## Step 1: Environment Setup


First, we install all necessary libraries:

In [None]:
!pip install langchain langchain-experimental langchain-community langchain-openai openai chromadb pypdf sentence_transformers gradio langchain-together

These libraries provide the tools needed for document processing, vector storage, and interaction with OpenAI’s language models.

<hr>

## Step 2: Document Loading

We load the documents using Langchain’s community document loaders:

In [None]:
import os

#document loader
from langchain_community.document_loaders import PyPDFLoader

# vector store
from langchain_community.vectorstores import Chroma

#llm
from langchain_openai import OpenAI



In [None]:
pages[16]

The **PyPDFLoader** class helps in loading PDF documents, which will be used to train our chatbot.



<hr>

## Step 3: Splitting the Documents

To handle large documents, we split them into smaller chunks:

In [None]:
from langchain.text_splitter import RecursiveCharacterTextSplitter

def split_docs(documents, chunk_size=500, chunk_overlap=100):
  text_splitter = RecursiveCharacterTextSplitter(chunk_size=500, chunk_overlap=100)
  docs = text_splitter.split_documents(documents)
  return docs

In [None]:
new_pages = split_docs(pages)
len(new_pages)

This ensures that our model can process the text efficiently by breaking it into manageable pieces.

__Some overlapping of words will be done....__

In [None]:
new_pages[500].page_content

In [None]:
new_pages[499].page_content

## Step 4: Creating Embeddings

Next, we create embeddings for the document chunks using a Sentence Transformer model:

**SENTENCE TRANSFORMER:** A Sentence Transformer is a type of deep learning model designed to generate embeddings (numerical representations) of sentences or text chunks. These embeddings capture semantic meaning and can be used for various natural language processing tasks such as similarity search, clustering, and classification. The model is typically built using transformer architecture, like BERT, and fine-tuned for sentence-level tasks.

In [None]:
from langchain_community.embeddings.sentence_transformer import (
    SentenceTransformerEmbeddings,
)

embedding_function = SentenceTransformerEmbeddings(model_name="all-MiniLM-L6-v2")

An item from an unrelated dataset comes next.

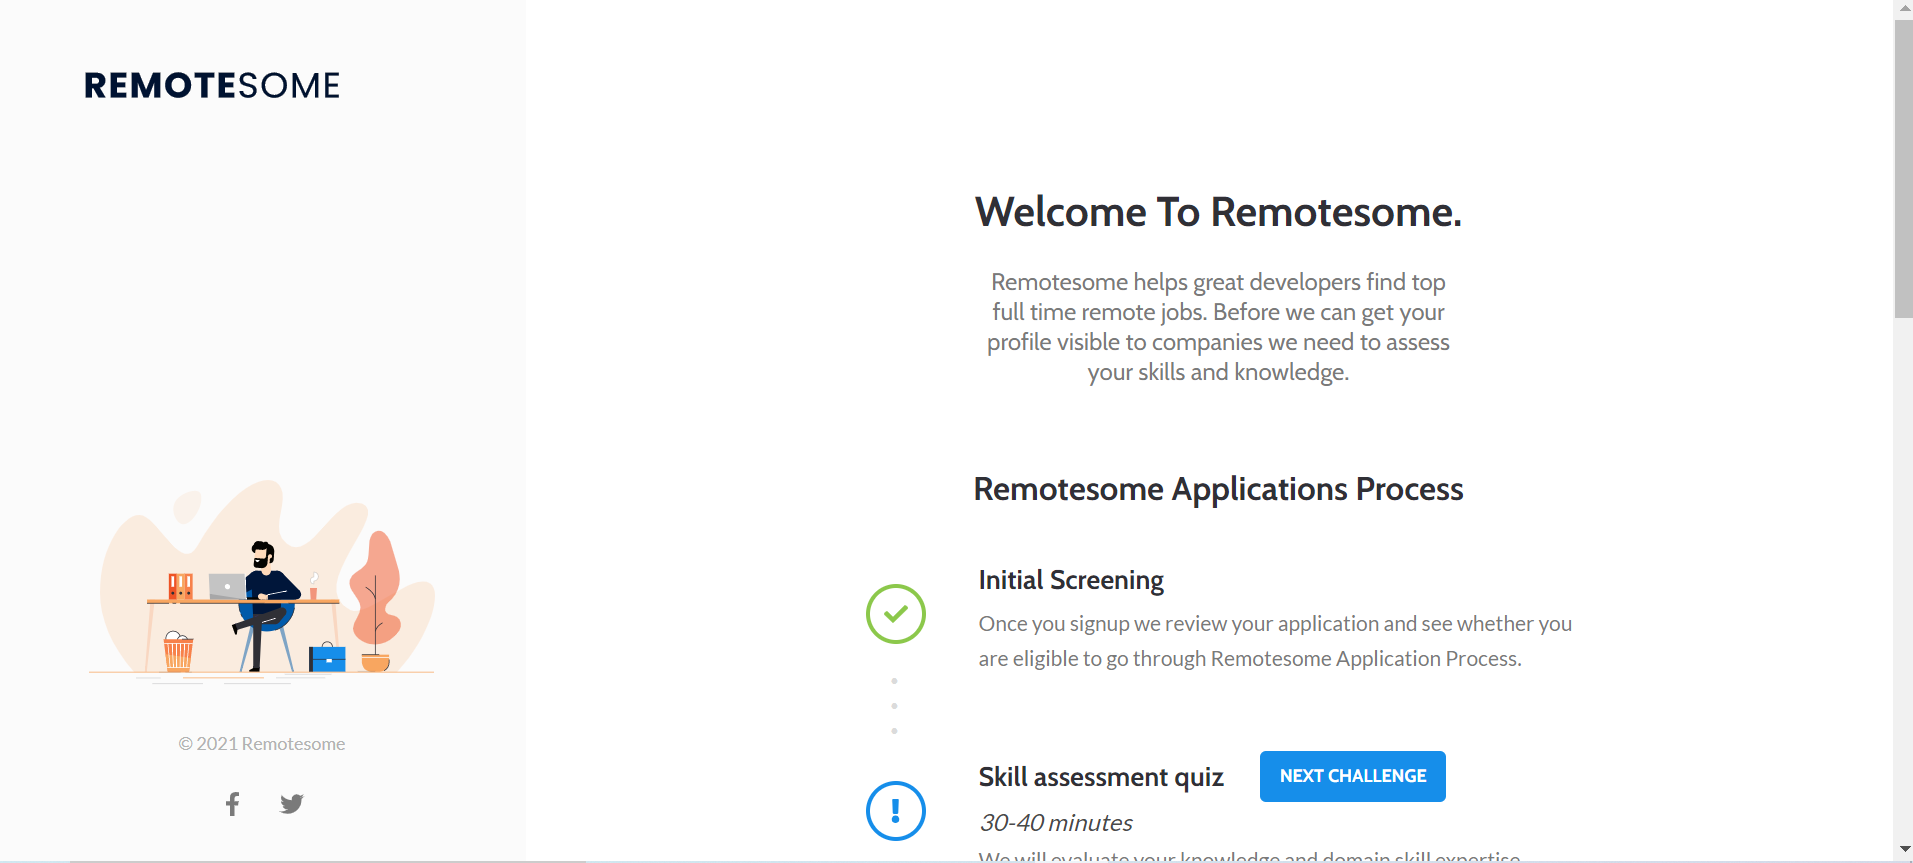 Get feedback from a vast remote working audience about Remotesome

db = Chroma.from_documents(new_pages, embedding_function)

The __embeddings__ help in converting text data into numerical format, which is necessary for similarity searches.

## Step 5: Setting Up the Language Model

We configure the language model using the Together library:

In [None]:
from langchain_together import Together


llm = Together(
    model="meta-llama/Llama-2-70b-chat-hf",
    max_tokens=256,
    temperature=0,
    top_k=1,
    together_api_key="ENTER YOUR API KEY"

    #https://api.together.ai/settings/api-keys
)

This setup specifies the model parameters and API key required to use the meta-llama model.

## Step 6: Configuring the Retriever

We set up the retriever with a similarity threshold to ensure relevant responses:

In [None]:
retriever = db.as_retriever(similarity_score_threshold = 0.9)

This retriever helps in fetching the most relevant document chunks based on the user's query.



<hr>

## Step 7: Defining the Prompt Template

We define a prompt template that structures the input for the language model:

In [None]:
from langchain.prompts import PromptTemplate
prompt_template = """Please answer questions related AWS (Amazon web services). Try explaining in simple words. Answer in less than 100 words. If you don't know the answer simply respond as "Don't know man!"
 CONTEXT: {context}
 QUESTION: {question}"""

PROMPT = PromptTemplate(template = f"[INST] {prompt_template} [/INST]", input_variables=["context", "question"])

This template guides the language model on how to respond to queries.

## Step 8: Creating the QA Chain


We create a RetrievalQA chain using the defined components:

In [None]:
from langchain.chains import RetrievalQA
chain = RetrievalQA.from_chain_type(
    llm = llm,
    chain_type='stuff',
    retriever= retriever,
    input_key = 'query',
    return_source_documents = True,
    chain_type_kwargs={"prompt":PROMPT},
    verbose=True

)

The RetrievalQA chain combines the language model and retriever to generate responses based on the input query.

## Step 9: Testing the Chatbot

Finally, we test the chatbot by inputting queries and getting responses:

In [None]:
query = input()
response = chain(query)
response['result']

This step allows users to interact with the chatbot and receive answers to their AWS-related questions.